Changing length at runtime
Suppose we have two Vec
instances storing their bytes back-to-back
in memory. So the first one begins at memory_bytes[100]
and ends at
memory_bytes[111]
, and the next one begins at memory_bytes[112]
.
Now let's say we want to .push()
an element onto the first Vec
. That will
increase length
by 1, and store the new element in memory_bytes[112]
.
This is a problem, though, because memory_bytes[112]
is already in use by
the other Vec
! If we write the new element into that slot in memory, we'll
be overwriting the other Vec
's first element, which would be really bad.
In this situation, .push()
will avoid this problem by moving the entire
contents of the Vec
to a new location in memory that has enough room. It will
do this by asking Rust's memory allocation bookkeeping system to find a memory
index which has enough unused bytes after it to accommodate the new length
.
Then it copies all the bytes from the old location to the new location, adds the
new element at the end, and informs the allocation bookkeeping system that the
previously-used bytes are no longer in use.

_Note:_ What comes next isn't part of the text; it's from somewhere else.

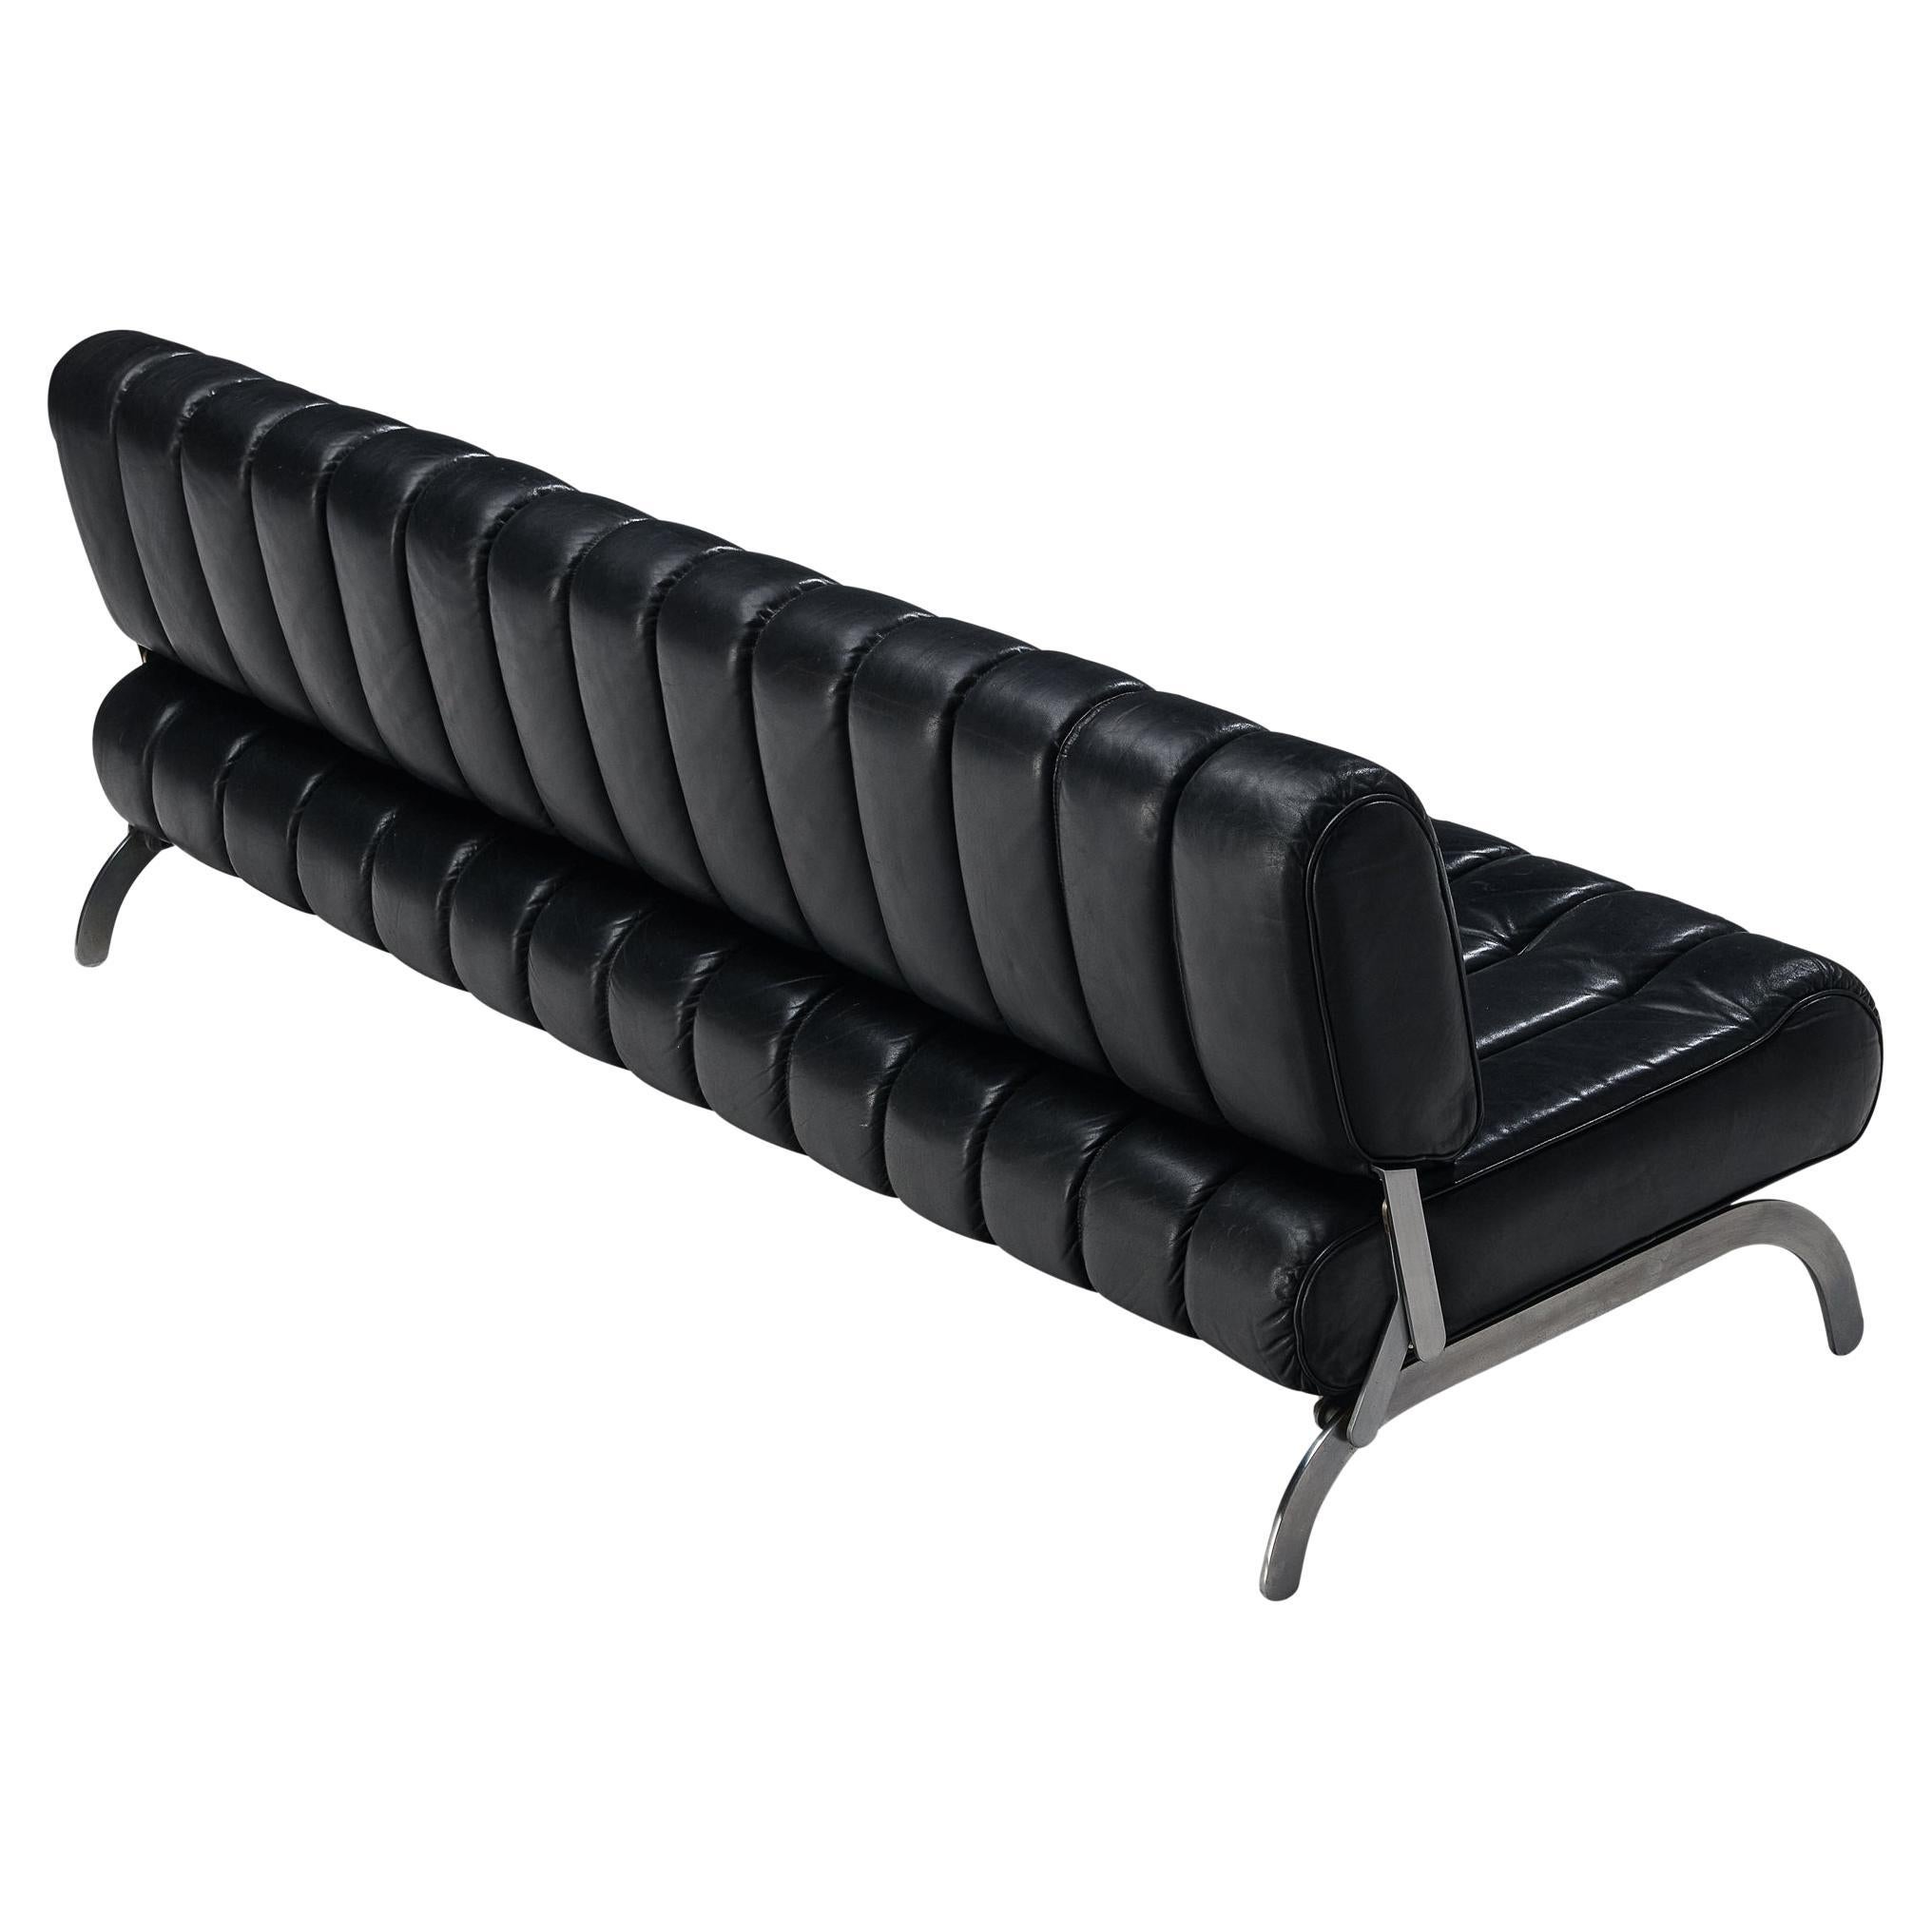 Karl Wittmann 'Independence' Sofa or Daybed in Metal and Black Leather

At the end of this .push()
, not only has the Vec
's length
change, but
its memory_index_of_first_element
has changed as well.
Capacity
With this design so far, calling .push()
several times in a row can
potentially result in lots of moving bytes around. If the new memory index is
also a "tight fit," then calling .push()
again will result in another
expensive memory relocation.
To avoid this expensive scenario, Vec
requests some extra bytes at the end as
buffer. They aren't used to store elements at first, but they are guaranteed to
be free memory slots, so they can be used to store future elements without
needing to relocate everything.
The capacity
field stores the total number of elements that can be stored
before a relocation is needed. capacity
is always greater than or equal to
length
. Initially - after calling vec!
to initialize the vector - length
and capacity
are equal, so the first push
will require a relocation.
However, after that first relocation happens, push
will request twice as many
bytes as it strictly needs, to have a substantial buffer for future push
operations. At that point, capacity
will be equal to two times length
.
Future push
operations will increase length
until it reaches capacity
,
at which point a relocation will happen and capacity
will double again.
Vec::with_capacity
To avoid having any relocations happen in the first place, you can use the
Vec::with_capacity()
function to create the Vec
with an initial capacity
that will be enough to hold all the elements you're planning to put in it.
(Assuming you know how many elements that will be, of course!)
This can prevent expensive relocations and also the wasted memory that can come
from capacity
being doubled each time it runs out.